Give back the whole listing exactly as written, pictures excluded.

▶ _Exercise data_:
-------------------------

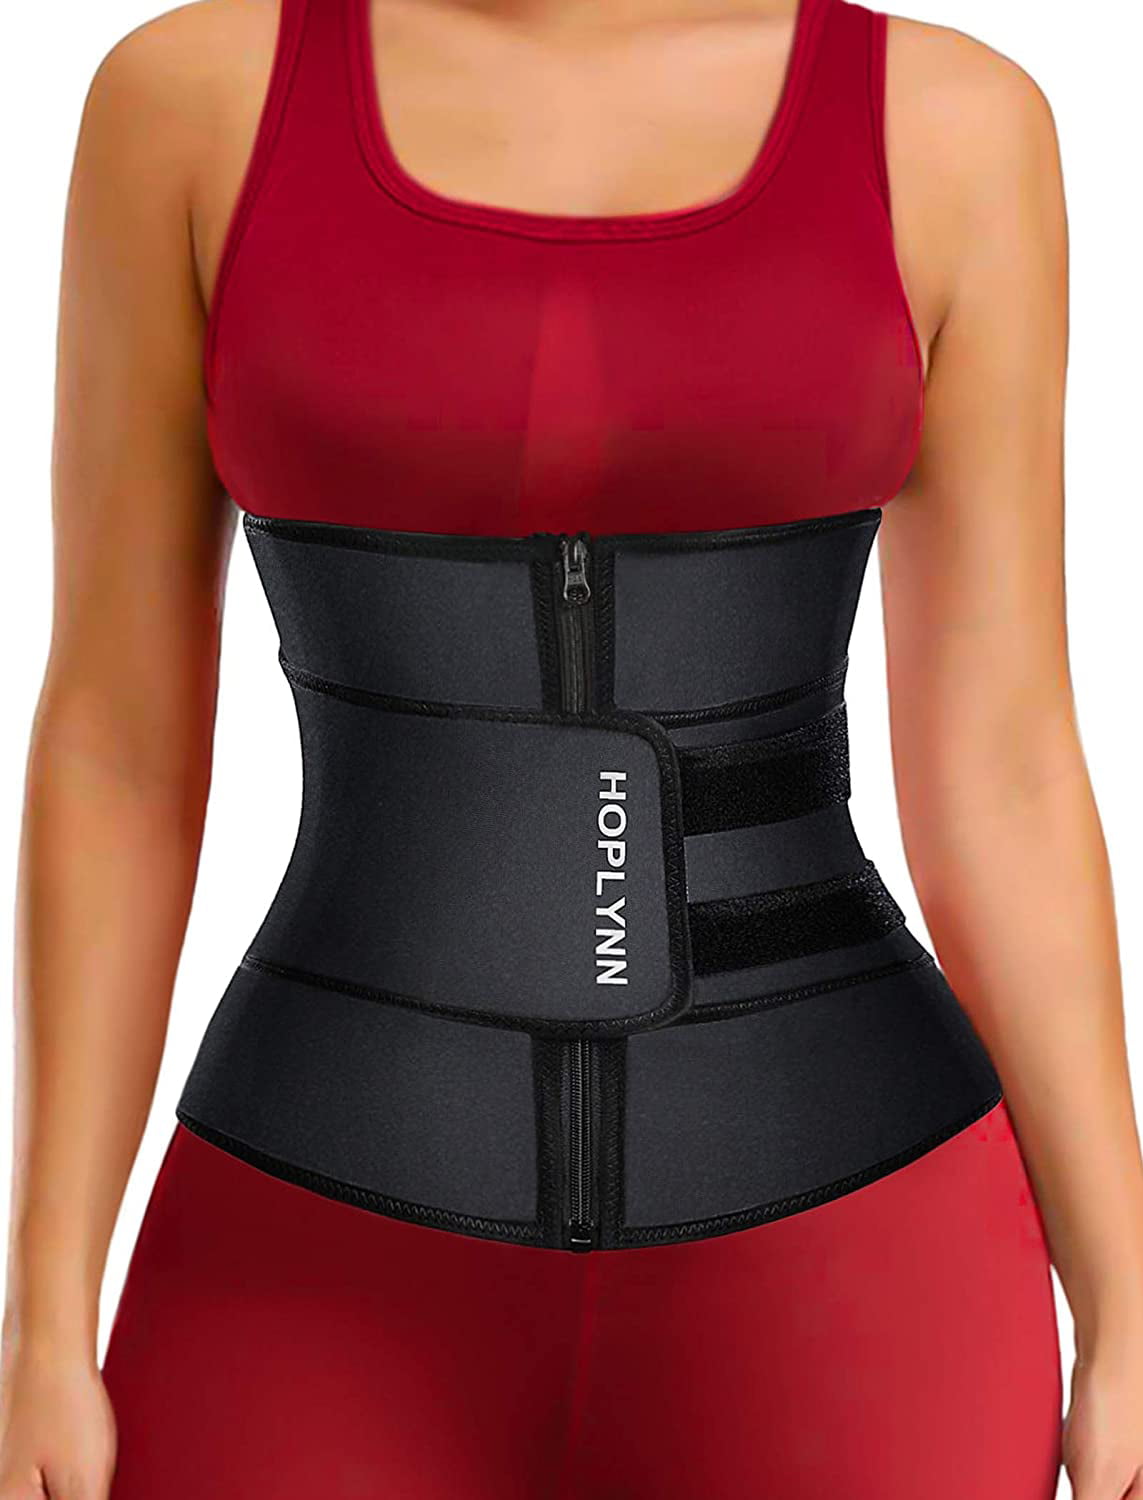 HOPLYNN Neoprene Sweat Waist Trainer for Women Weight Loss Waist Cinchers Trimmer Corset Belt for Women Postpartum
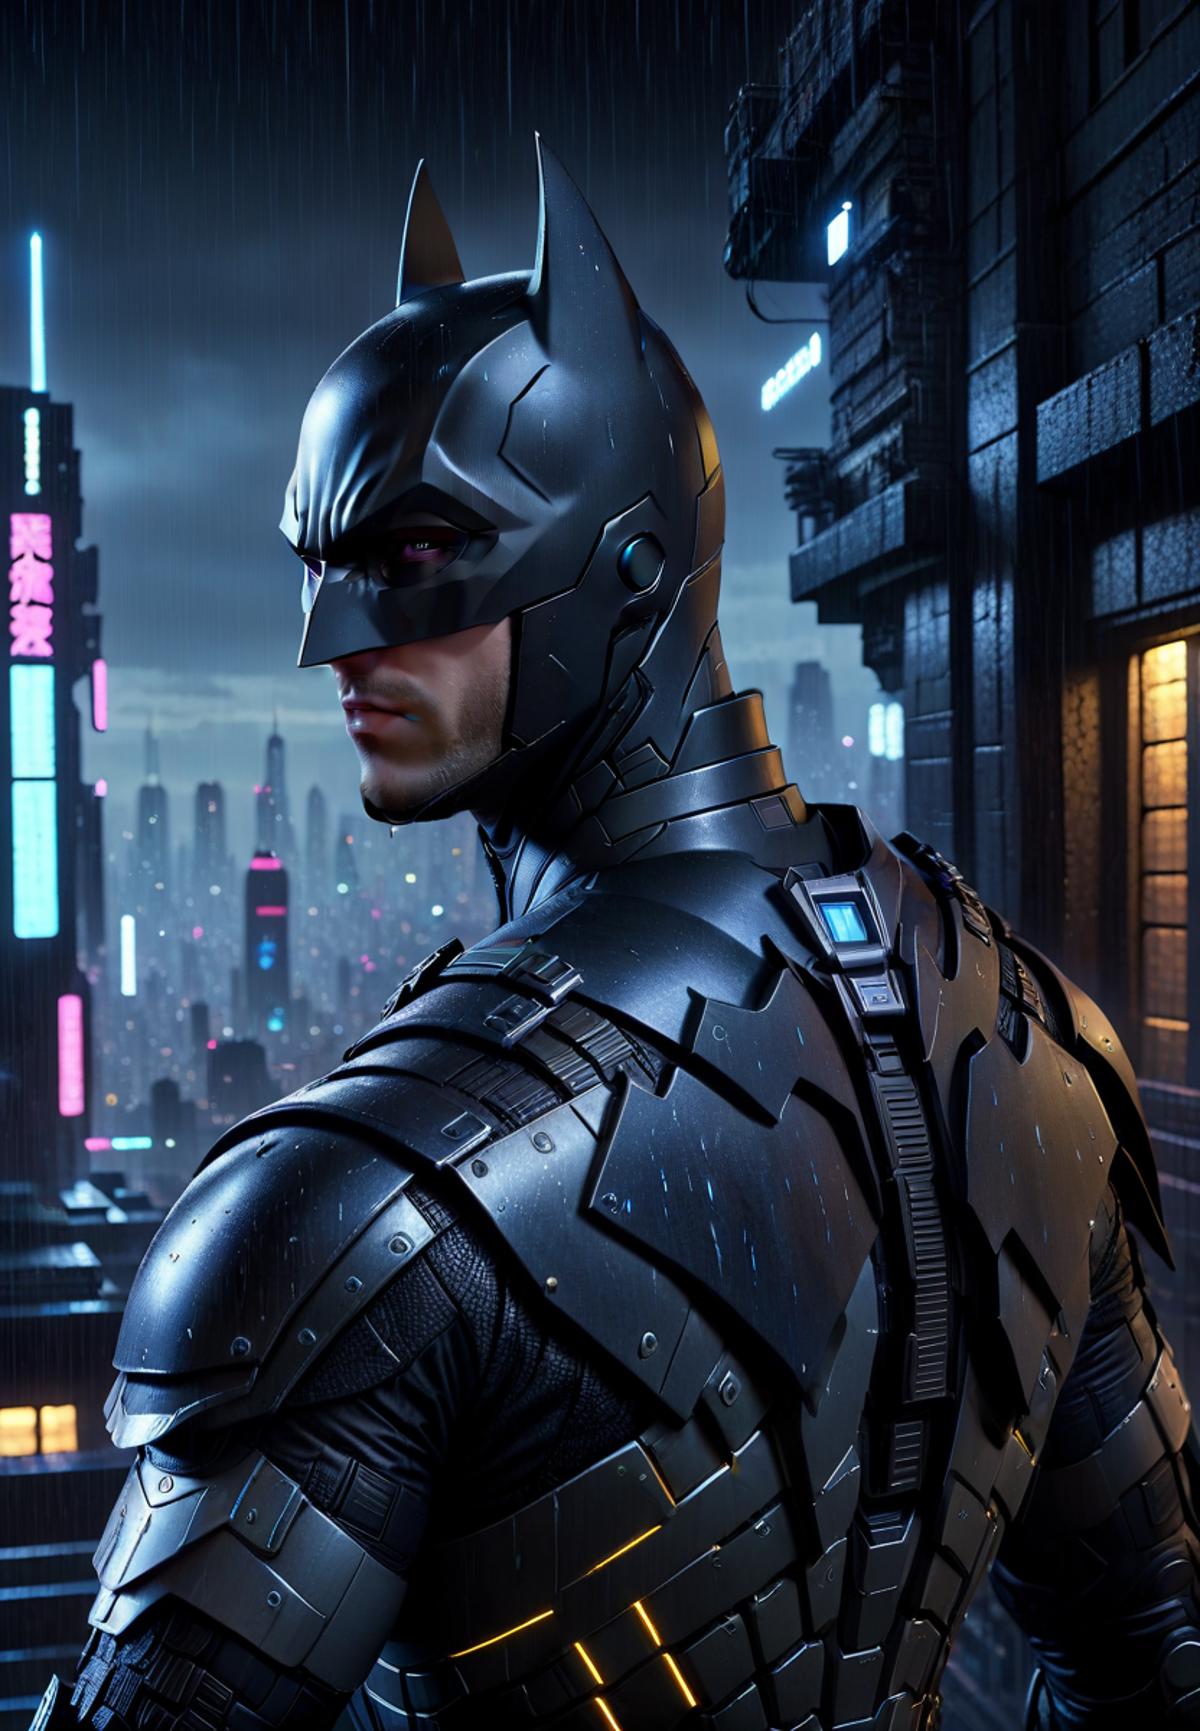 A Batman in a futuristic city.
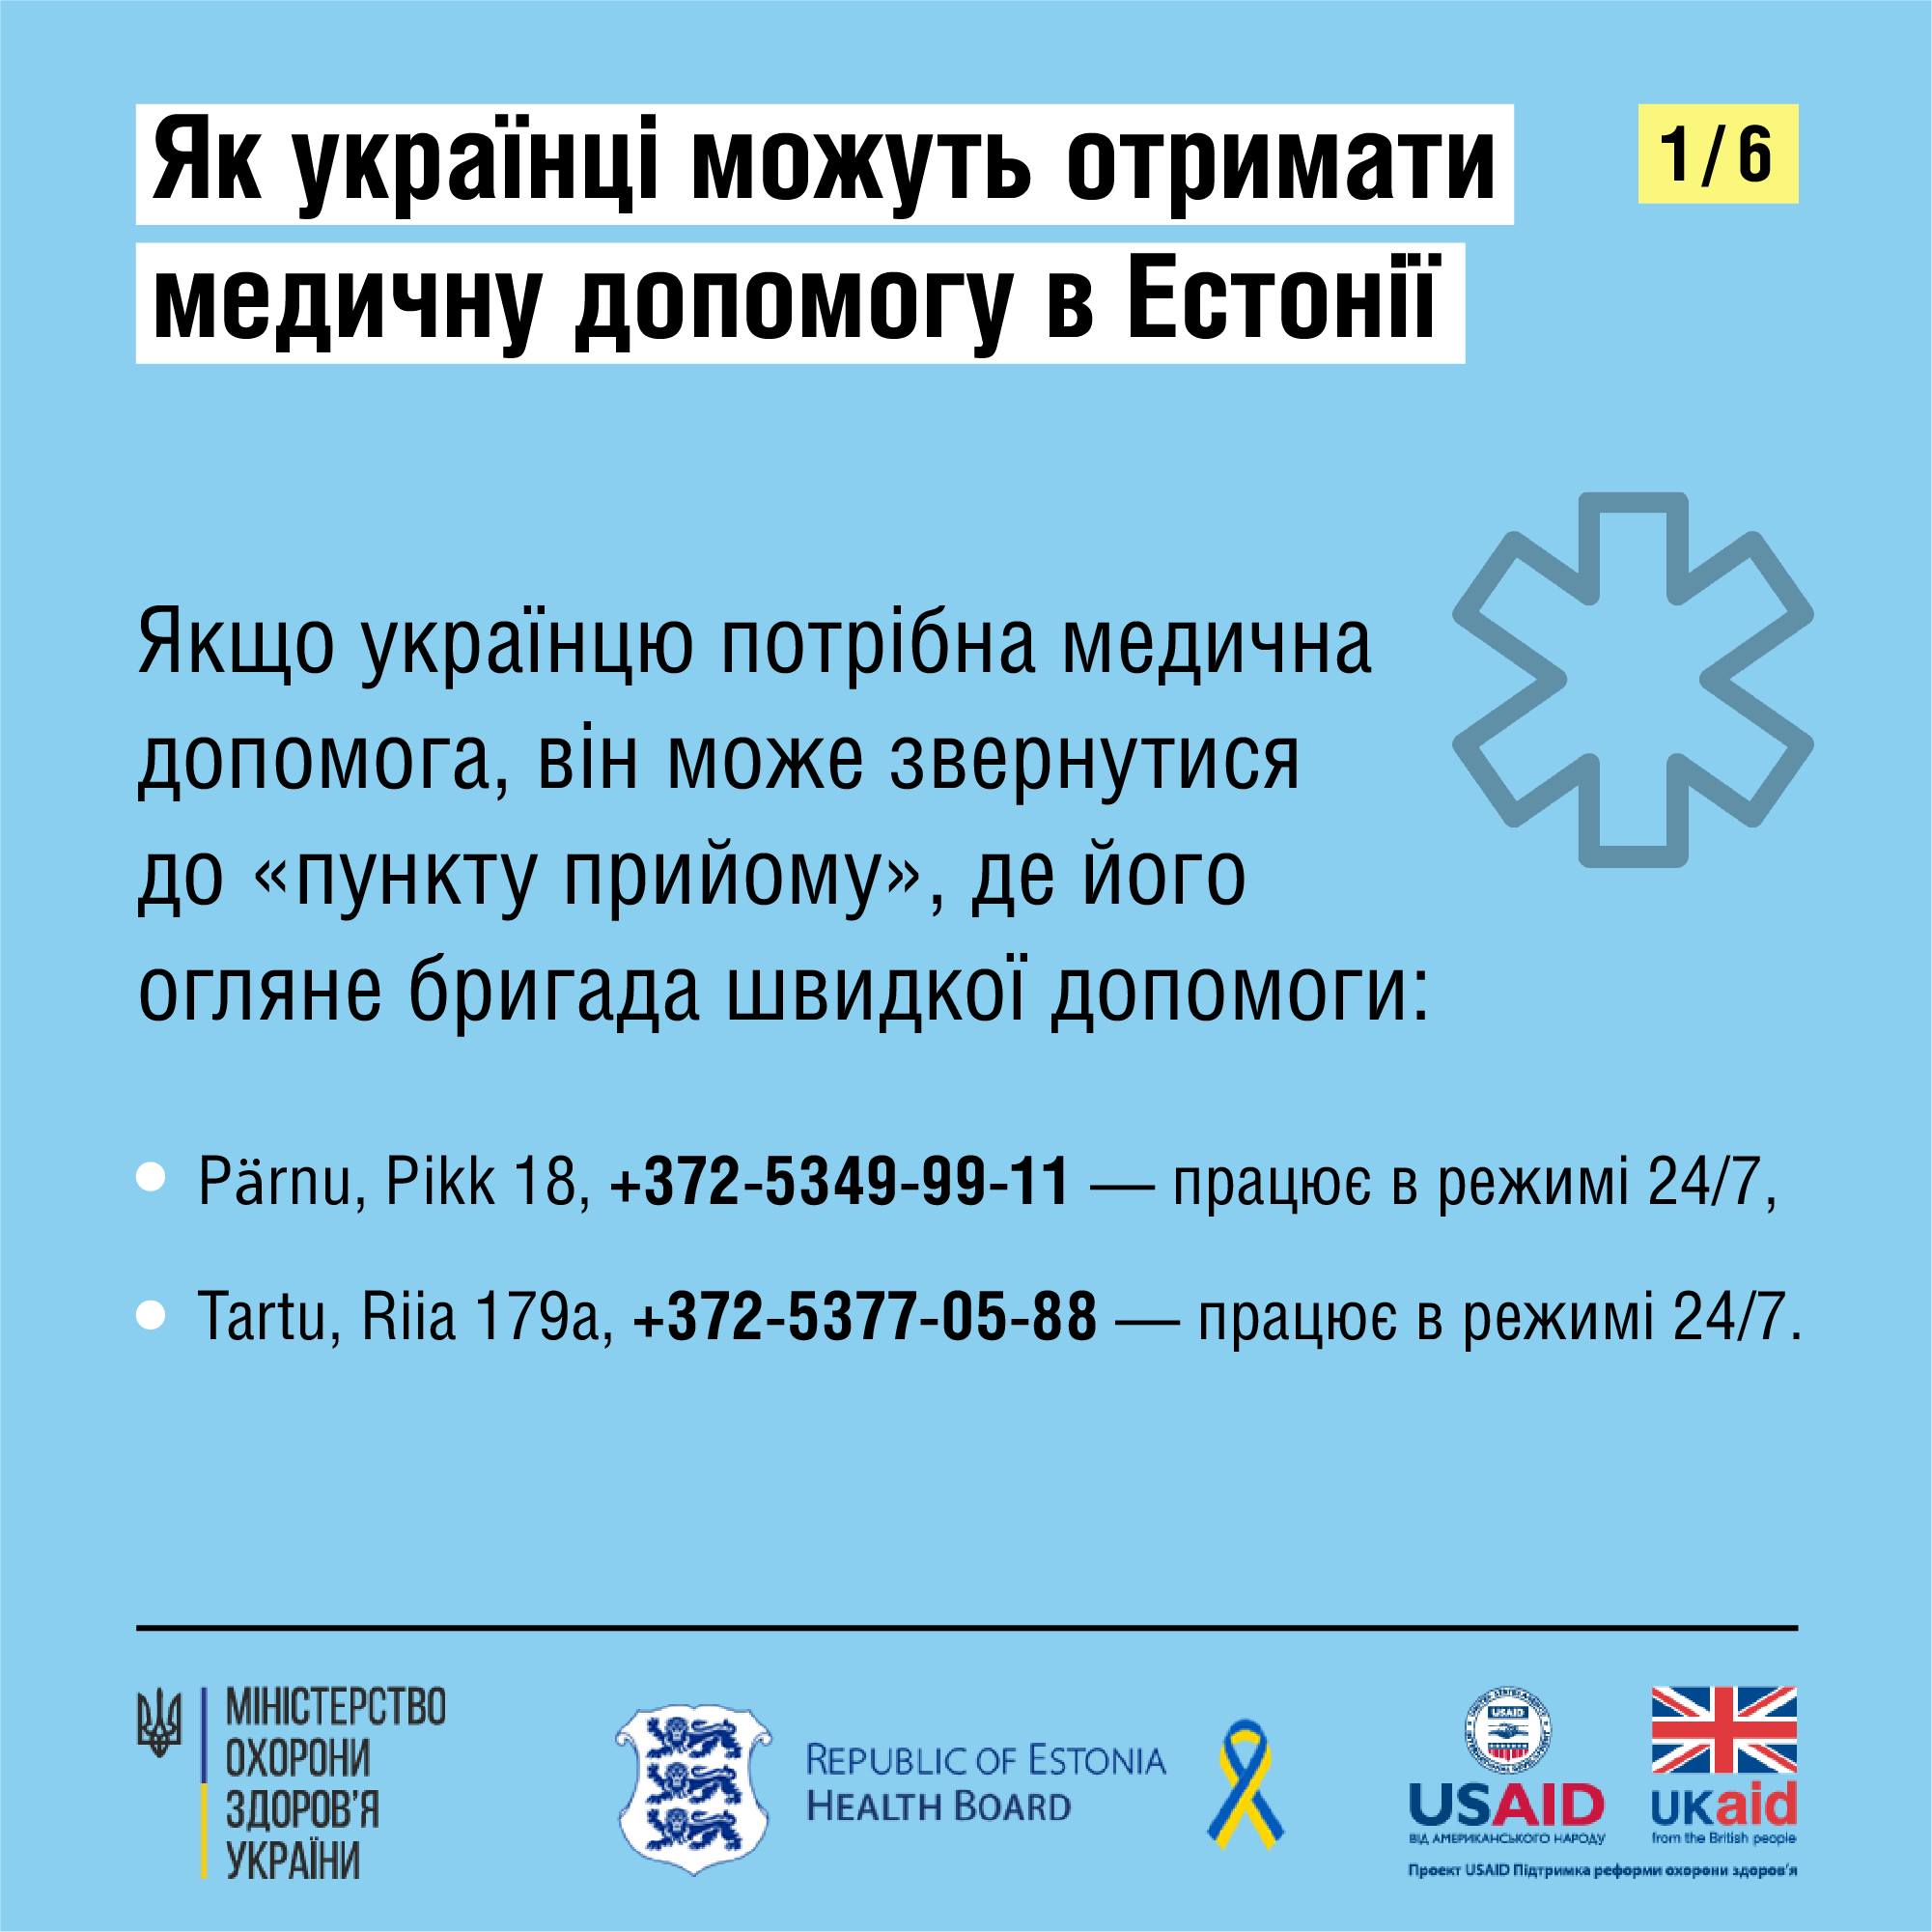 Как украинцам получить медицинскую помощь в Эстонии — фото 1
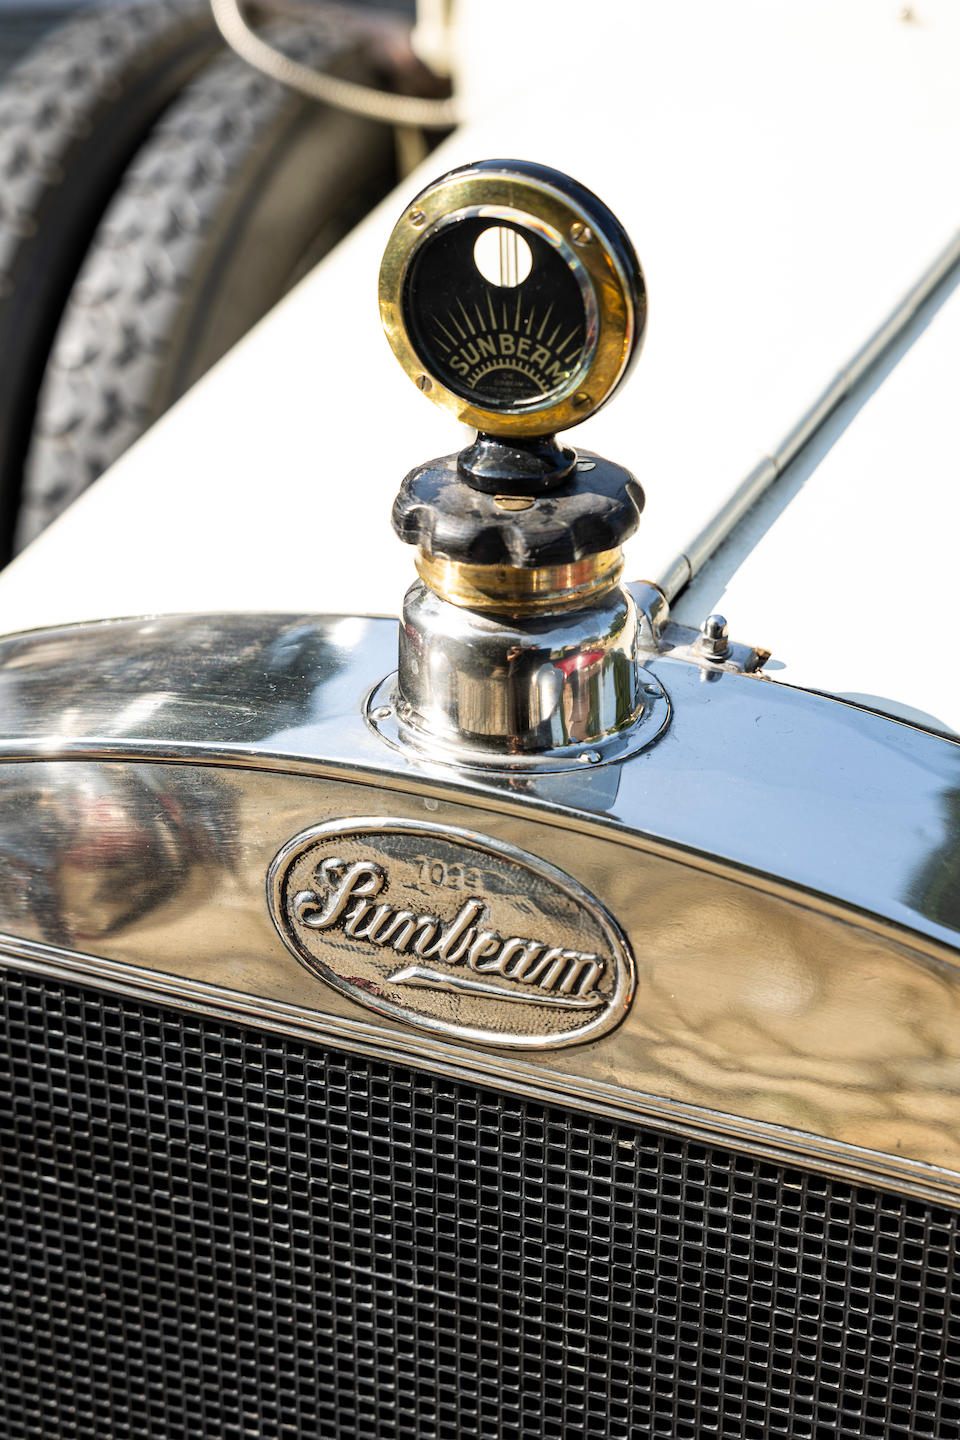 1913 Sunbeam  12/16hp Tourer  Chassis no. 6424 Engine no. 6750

-------------------------

▶ _Exercise response_:
 HOPLYNN Neoprene Sweat Waist Trainer for Women Weight Loss Waist Cinchers Trimmer Corset Belt for Women Postpartum
 A Batman in a futuristic city.
 Как украинцам получить медицинскую помощь в Эстонии — фото 1
 1913 Sunbeam  12/16hp Tourer  Chassis no. 6424 Engine no. 6750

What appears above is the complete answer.